While actions speak louder than words, let us suspend reality and hypothesize that U.S. President Joe Biden, in his recent call with his counterpart Xi Jinping, can be taken at his word when he said that "the United States strongly opposes unilateral efforts to change the status quo or undermine peace and stability across the Taiwan Straits." Under this scenario why on earth is Pelosi going to Taiwan?
The mind boggles. Reading acts like the "America COMPETES Act of 2022", it is evident that there are some in current U.S. political circles that seek to combat China by maintaining technological superiority in the chip-making industry which Taiwan is at the forefront. Perhaps Pelosi seeks to gut out Taiwan's tech industry by exporting more of it to the U.S. before China's reunification. To test this hypothesis, we'll have to keep an eye on her husband's trading!
While we can't rule out individual avarice, showboating, and folly, we must also consider that Pelosi's trip is a carefully planned strategic gambit. If this is the case, what is this gambit? Claims of protecting democracy and freedom must be discarded as history proves these claims always have corresponding imperial ends that act as the driver behind this public image.

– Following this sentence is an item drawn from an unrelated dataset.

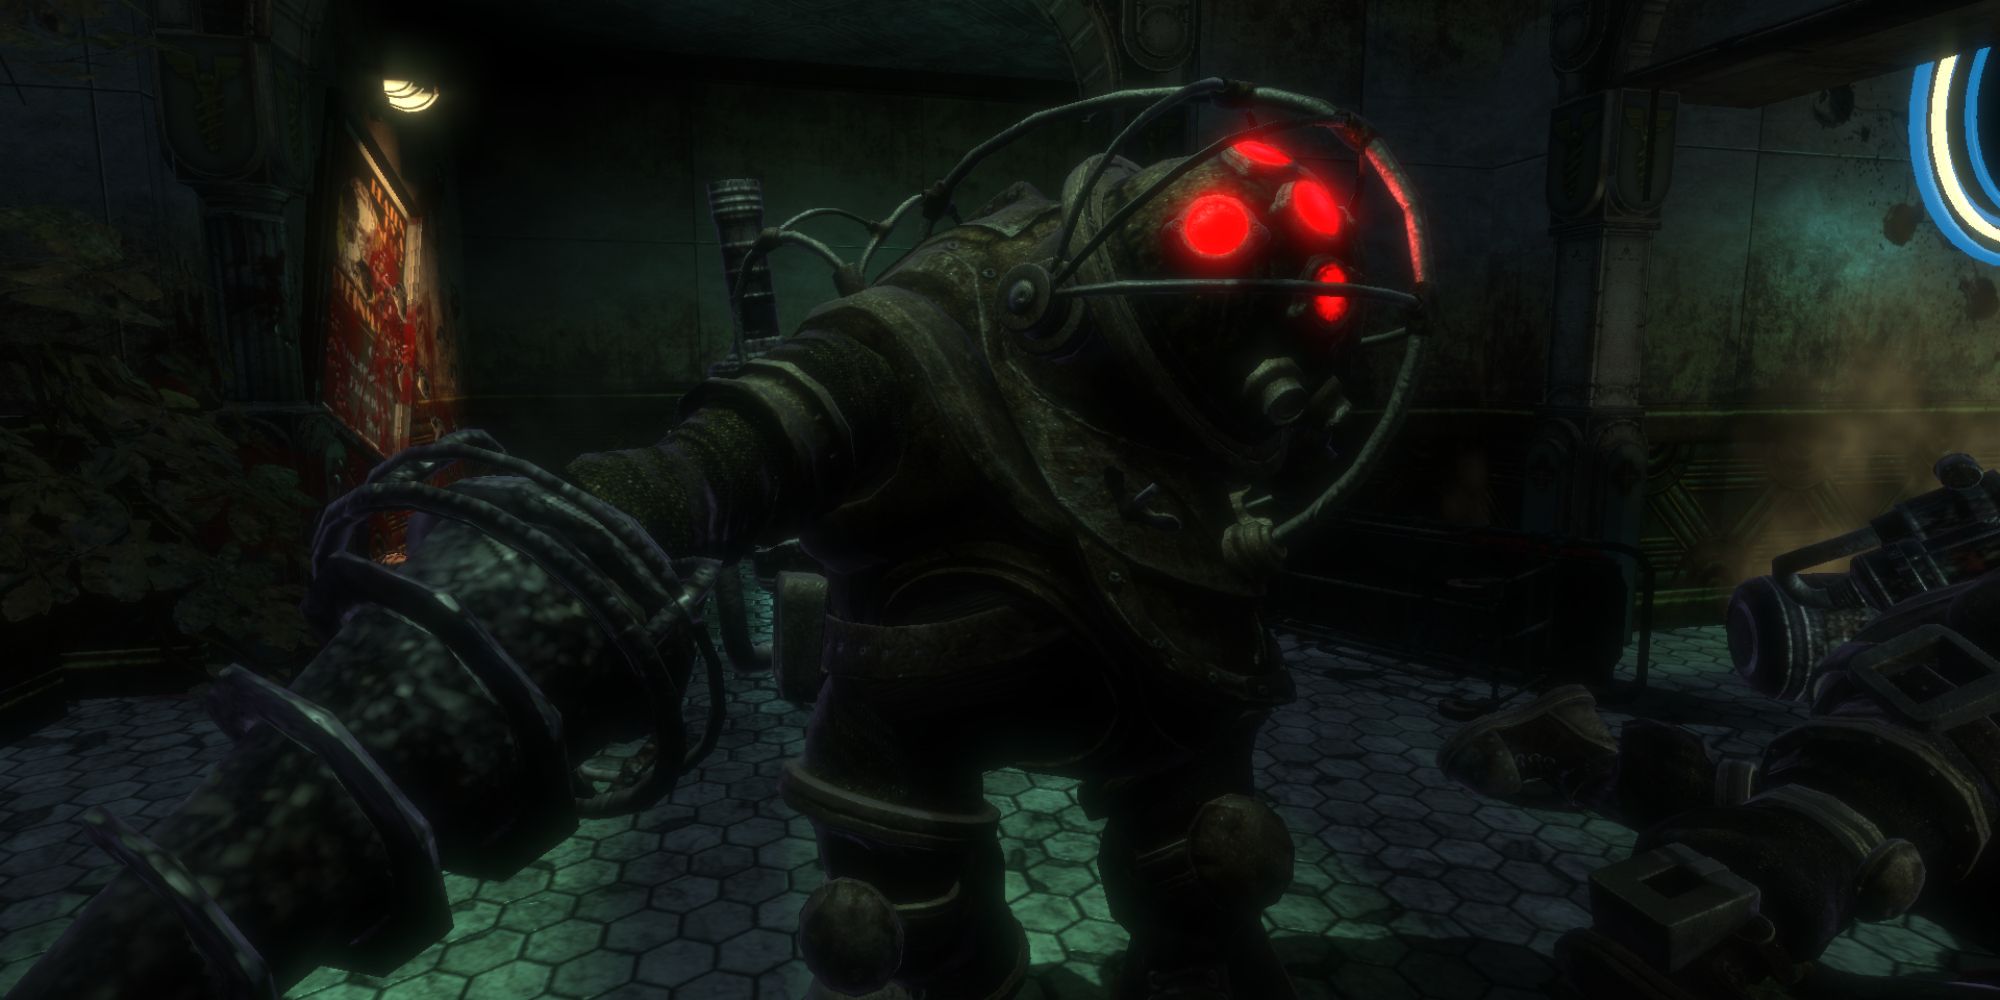 Big Daddy attacking the player in Bioshock

Undoubtedly, the U.S. would like to keep Taiwan under its orbit for the purpose of containing China through dividing it. Geopolitically, a united China would have access to the first island chain which would break through the U.S. rimland strategy which the U.S. uses to maintain its hegemony by controlling the edges of continents through naval projection.
However, this status quo of U.S. dominance is a fantasy that cannot last forever. The historic tide points to the eventual peaceful reunification across the Taiwan Straits. With this in mind, a power as belligerent as the U.S. would surely rather cook up an early war while China is still relatively undeveloped. As such, Pelosi's visit, while not denying her own personal motivations, speaks to a wider strategy of poking China.
For the U.S. elites, such a conflict would provide another opportunity to harvest the misery of war. In turn, the whole of Asia would be dragged down and the U.S. would seek to use this win-lose strategy to retain its relative hegemony. Inevitably, the rest of the world will also suffer economically and if the conflict spreads the entire destruction of the earth is threatened with nuclear disaster.
With this in mind, even a "clever strategy" in the name of imperialism represents the height of folly. As such, the U.S. along with its allies must consider where they stand within the greater historical tide so that they avoid this meeting with disaster.
Keith Lamb is a University of Oxford graduate with a Master of Science in Contemporary Chinese Studies. His primary research interests are China's international relations and "socialism with Chinese characteristics."